Book Launch and Discussion / “Attention Is Discovery: The Life and Legacy of Astronomer Henrietta Leavitt,” with Anna Von Mertens and Rebecca Dinerstein Knight

Date: 11 December 2024, 7–9 pm
Location: Cabinet, 300 Nevins Street, Brooklyn (map and directions here)
FREE. No RSVP necessary

Please join us to celebrate the recent publication of Attention Is Discovery: The Life and Legacy of Astronomer Henrietta Leavitt (MIT Press, 2024) by visual artist and author Anna Von Mertens. This multifaceted project is a recognition and celebration of the woman whose discovery founded modern cosmology and of the power of attention in scientific observation, artistic creation, and the making of meaning. Von Mertens will present a richly illustrated talk that includes details of her artworks made in response to Leavitt’s legacy; examples of the glass plate photographs of the night sky that Leavitt studied; and historic photos of the unique community of women, now known as the Harvard Computers, who worked at the Harvard College Observatory at the turn of the twntieth century.
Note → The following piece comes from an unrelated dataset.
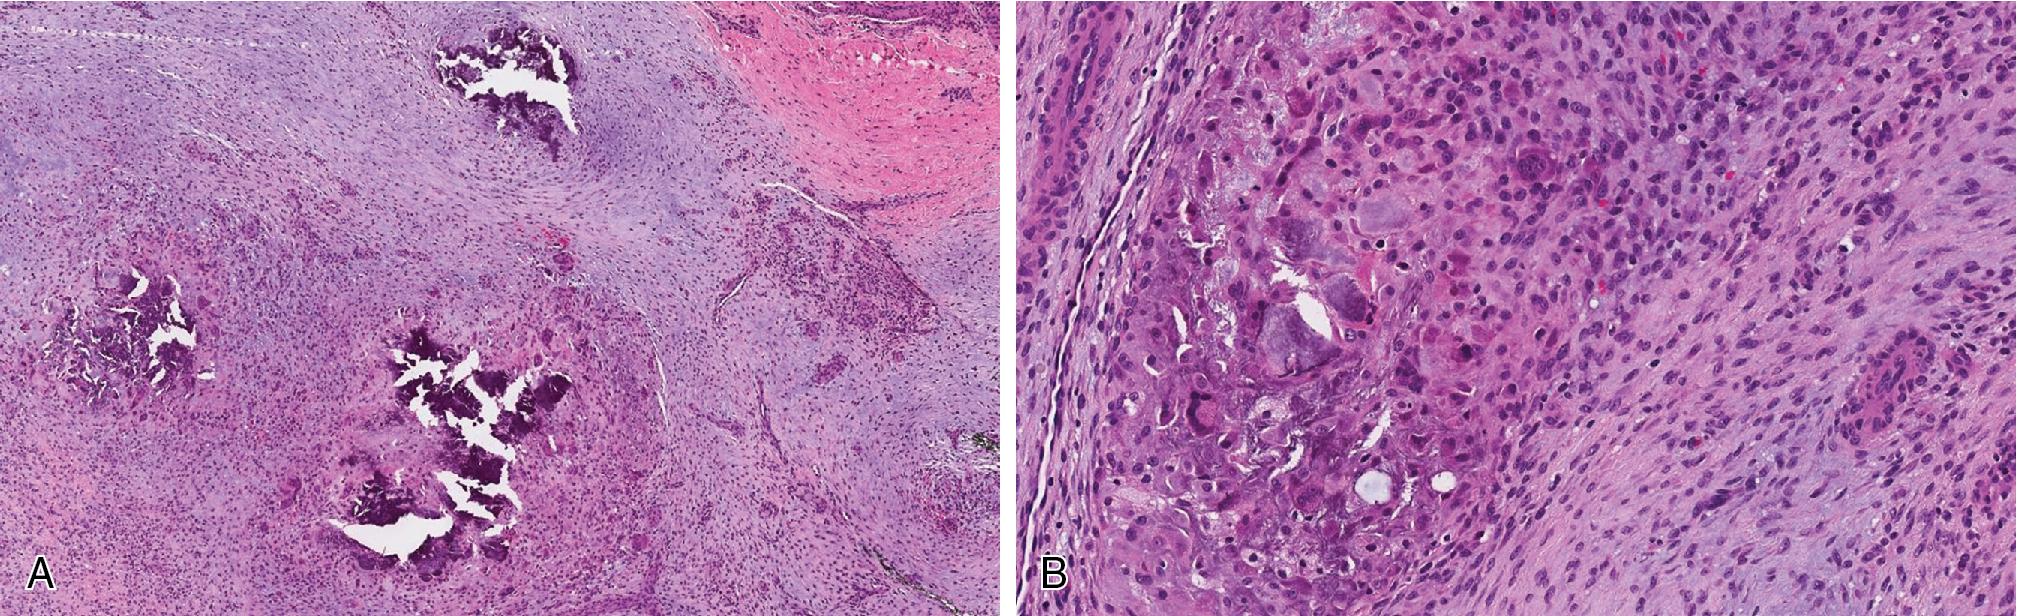 Fig. 8.18, Calcifying aponeurotic fibroma has infiltrative fibromatosis–like spindled cell areas admixed with less cellular areas of plump epithelioid fibroblasts with zones of calcification ( A, low power; B, high power).

This will be followed by a discussion with novelist Rebecca Dinerstein Knight, who contributed a guest essay to the project.

About the Participants
Visual artist and author Anna Von Mertens lives in Peterborough, New Hampshire. She received a 2022 Alfred P. Sloan Foundation Public Understanding of Science and Technology book grant in support of Attention Is Discovery: The Life and Legacy of Astronomer Henrietta Leavitt (MIT Press, 2024). The book is an expansion of her 2018–2019 exhibition “Measure,” presented at the Harvard Radcliffe Institute, which traveled to University Galleries of Illinois State University and Allen Memorial Art Museum at Oberlin College in 2023.

New Hampshire–based writer Rebecca Dinerstein Knight is the author of the novels Hex (Viking, 2020) and The Sunlit Night (Bloomsbury, 2015), the bilingual English-Norwegian collection of poems Lofoten (Aschehoug, 2012), and the forthcoming nonfiction project Notes to New Mothers (W. W. Norton). Her screenplay adaptation of The Sunlit Night premiered at the Sundance Film Festival and is now a major motion picture.